The influence of viral infection on therapeutic immune tolerance in allergic airways disease.

Lead Research Organisation: University of Edinburgh
Department Name: MRC Centre for Inflammation Research

Abstract

Allergic airways disease such as asthma is rising in children. Allergy can be triggered by different environmental allergens (e.g. pollen). In susceptible children, inhaling allergens may cause allergic reactions with breathing problems, sometimes requiring hospital treatment. Treatment with small allergen fragments, called peptide-based immunotherapy (PIT), can render allergic patients tolerant, i.e. unresponsive to their allergen, without the risk of allergic reactions. How tolerance to allergen develops is not fully understood.
Children commonly suffer from viral infections such as the common cold and can sometimes develop allergic airways disease thereafter. Why this happens is unclear, but it is thought that viral infections interfere with the immune cells that maintain tolerance. Thus, there is concern that PIT may be ineffective or even detrimental if it coincides with a viral infection. Using a mouse model, I will study how immune cells contribute to the development of tolerance following PIT. I will then determine the effects of viral infection both on these cells and on the ability of PIT to induce tolerance. Understanding these interactions is vital if PIT is to be used safely in treating children with allergy. In addition, my studies will further our understanding of the mechanisms underlying virus induced allergy.

Technical Summary

Aims and objectives:
Respiratory allergy including asthma is an increasing problem in children. Immunotherapy with allergen protein is used to induce tolerance but poses the risk of severe allergic reactions including anaphylaxis due to IgE binding. Peptide-based immunotherapy (PIT) may convey T cell tolerance without providing IgE binding epitopes, thus negating the risk of anaphylaxis. The exact mechanisms of PIT and the impact of concomitant viral infections on tolerance induction are not known.
This project will investigate how tolerance induced by PIT is influenced by concomitant viral infection. Extending an existing ovalbumin (OVA)-specific, transgenic, CD4+ T cell receptor mouse (OT-II) model of PIT into an allergic airways disease setting, we will assess the contribution of foxp3+ regulatory T cells (Treg) to the development of tolerance. Whether tolerance can be induced and maintained during an ongoing respiratory viral infection will be determined.

Design: We will utilise a murine model of allergic airways disease induced by intraperitoneal sensitization to OVA/alum followed by intratracheal OVA challenges.
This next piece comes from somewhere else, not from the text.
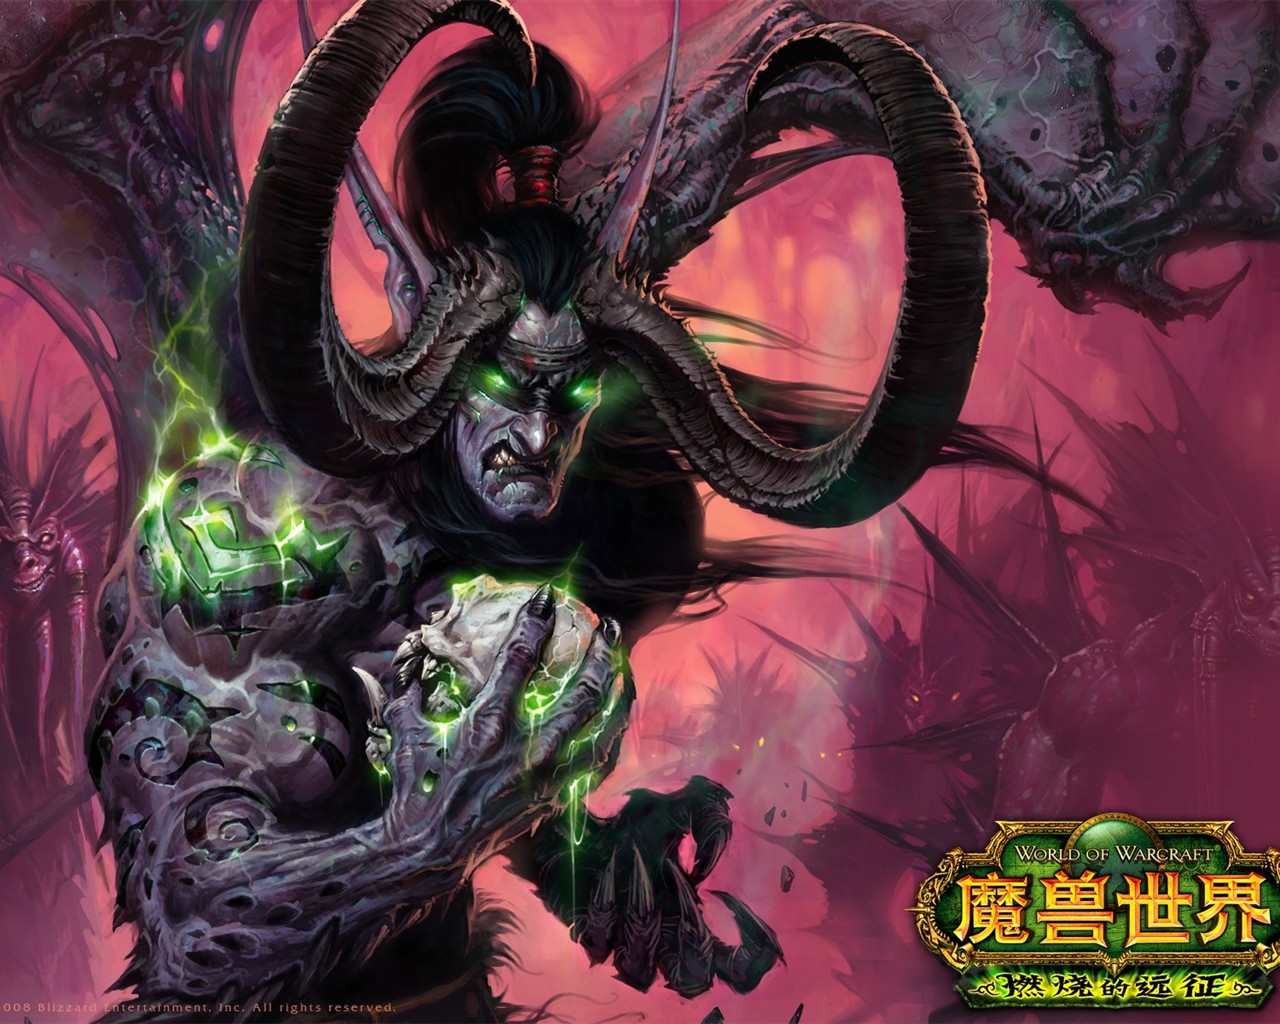 World of Warcraft: fondo de pantalla oficial de The Burning Crusade (2) #27 - 1280x1024

Tolerance will be induced using intravenous OVA-peptide either prophylactically (before sensitisation) or therapeutically (after sensitization). Respiratory syncytial virus (RSV) infection prior to or following PIT will reveal the impact of infection on development and maintenance of allergen tolerance.

Methods: Airway inflammation and immune activation will be demonstrated by lung histology, T cell activation studies and assessment of OVA-specific antibody levels. Transfer of OT-II T cells will enable precise analysis of dendritic cell and T cell functions and phenotype during sensitisation, PIT and RSV-infection, allowing analysis of co-stimulatory molecules and cytokine production. Foxp3-reporter mice will enable assessment of expansion or conversion of Tregs in these studies.

Scientific and medical opportunities: PIT is an attractive treatment approach for allergic diseases. Limited human trials have produced promising, yet unpredictable results in part due to incomplete understanding of the immune mechanisms behind PIT. This project offers important scientific opportunities for further clarification of the mechanisms leading to immune tolerance in PIT.

Viral infections are known to enable sensitization to non-immunogenic antigens and are thought to facilitate the development of allergic childhood asthma. Thus, it seems possible that PIT in children may be ineffective or even detrimental if complicated by viral infection. This study will help clarify the influence of viral infection on PIT. Such knowledge is required if PIT is to be used safely in children in the future.